I think it makes sense on module export (the module author knows whether they are buffer-safe or not), but what do you have in mind for import where the user may not be in a position to make that assertion validly?

================
Comment at: clang/docs/SafeBuffers.rst:69-70
+containers such as ``std::span``, you can achieve bounds safety by
+*simply writing good modern C++ code*. This is what this solution is designed
+to help your codebase with.
+
----------------
jkorous wrote:
> aaron.ballman wrote:
> > This makes it sound like the proposal doesn't cover C because there is no version of `std::span` there.
> I read this as a question as: "Could an imaginary codebase benefit from the warnings if there were no fixits?".
> 
> I can imagine projects where it would be very useful to have 90% of the code guaranteed to be free of "potentially dangerous pointer arithmetic" and have such operations contained to the remaining 10% of the code. I can imagine a principled solution to bounds-safety in C but even just splitting the code into safe and 9x smaller "unsafe" part could be extremely useful when it comes to debugging, audits, automated and manual testing and similar. Having clang guarantee this property reduces the scope of code that needs to be processed and a deliberate use of this model by projects can unlock new possibilities.
> 
> That is why I feel that the proposal can benefit also C projects.
> I read this as a question as: "Could an imaginary codebase benefit from the warnings if there were no fixits?".

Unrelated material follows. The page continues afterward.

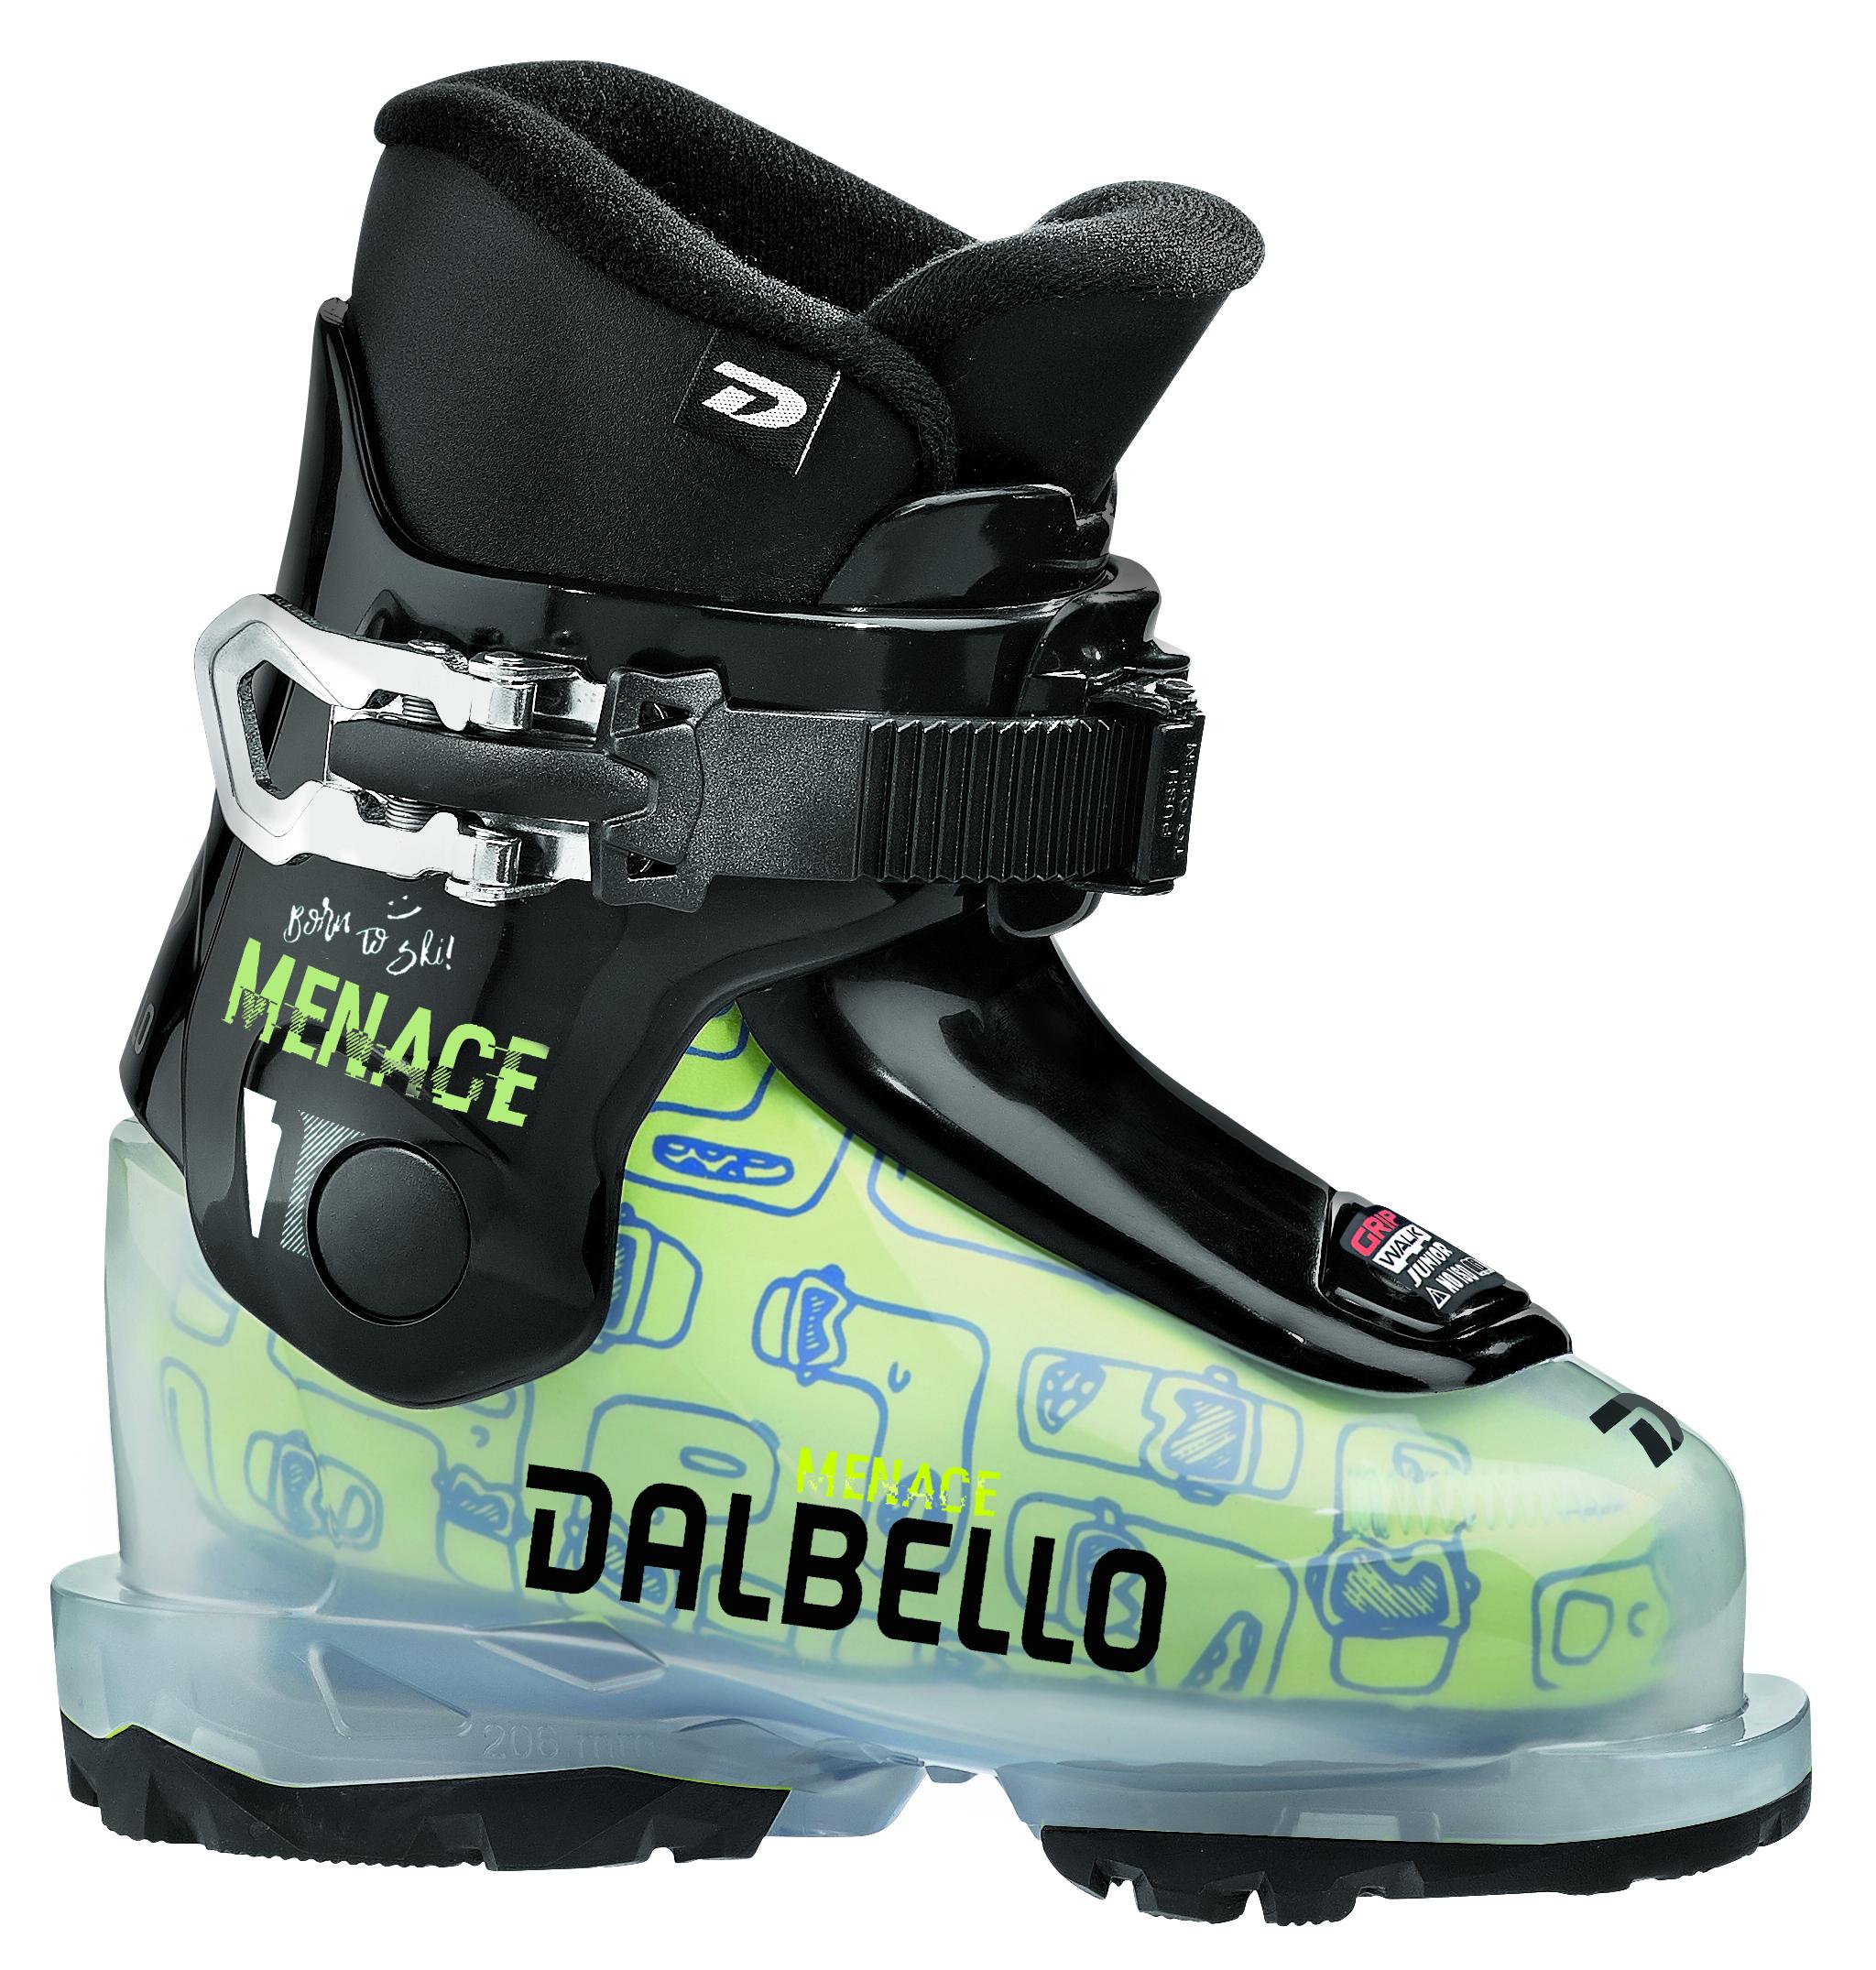 D1952004_00-Dalbello-skiboot-Menace-1_0-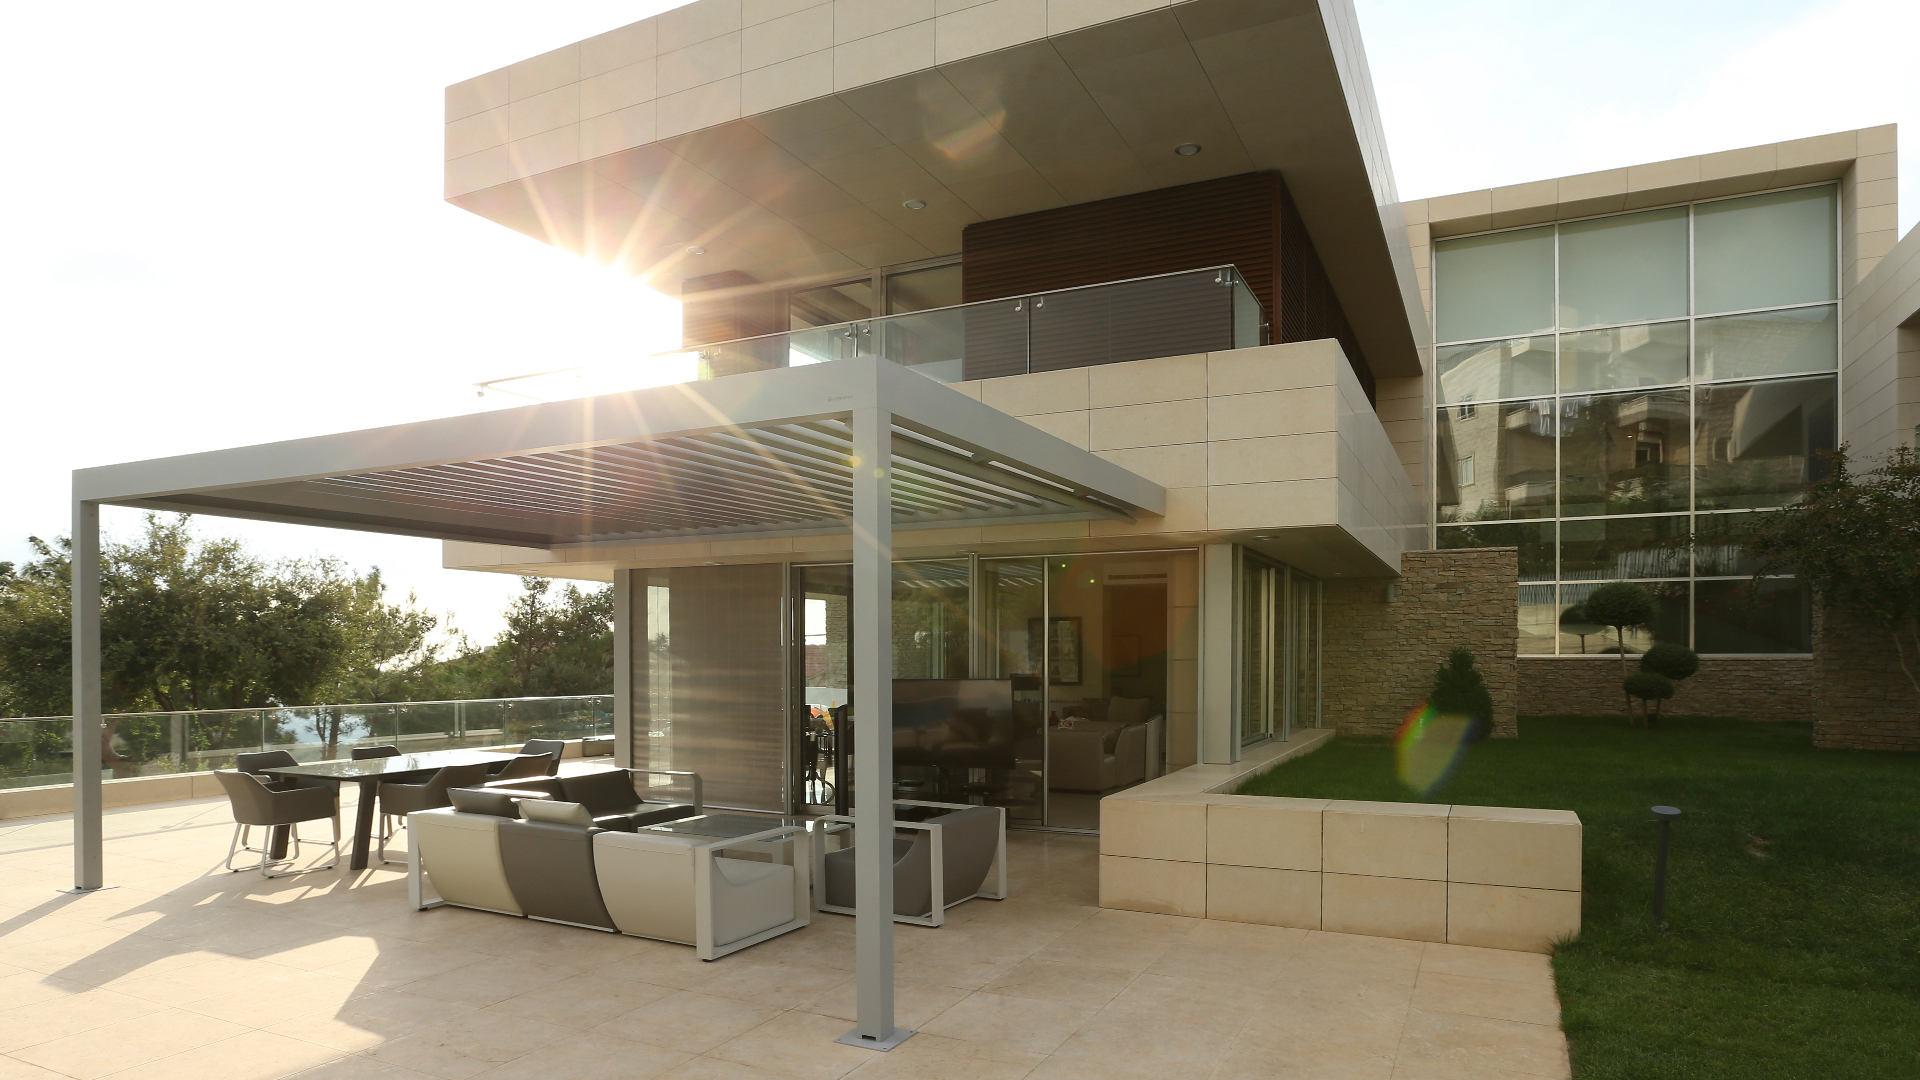 Algarve Lamellendach über der Terrasse eines modernen Hauses

Not quite. It's whether an imaginary codebase can benefit from the warnings when there are no available standardized alternatives that are a better replacement and no C standard library hardening done. Basically, it feels like enabling this warning in a C code base is not the same as a C++ code base. In C++, it's "enable the warning, start using these awesome replacements, and get to a good state" and in C, it's "enable the warning, start implementing exemptions everywhere, and hope they're correct or that your test coverage saves you from mistakes."

================
Comment at: clang/docs/SafeBuffers.rst:115
+   (TODO: Will automatic fixits be able to suggest custom containers or views?)
+   (TODO: Explain how to implement such checks in a custom container?)
+
----------------
xazax.hun wrote:
> jkorous wrote:
> > aaron.ballman wrote:
> > > I think this would be a good idea, especially if you can use an example of a more involved (but still common) container. Like, how does someone harden a ring buffer?
> > I believe that we should stick to hardening low-level primitives - all that a ring buffer implementation has to do is to store data in `std::array` from hardened libc++ and it's all set.
> I think it would be great to link to some other resources like how to annotate your container such that address sanitizer can help you catch OOB accesses.
> I believe that we should stick to hardening low-level primitives - all that a ring buffer implementation has to do is to store data in std::array from hardened libc++ and it's all set.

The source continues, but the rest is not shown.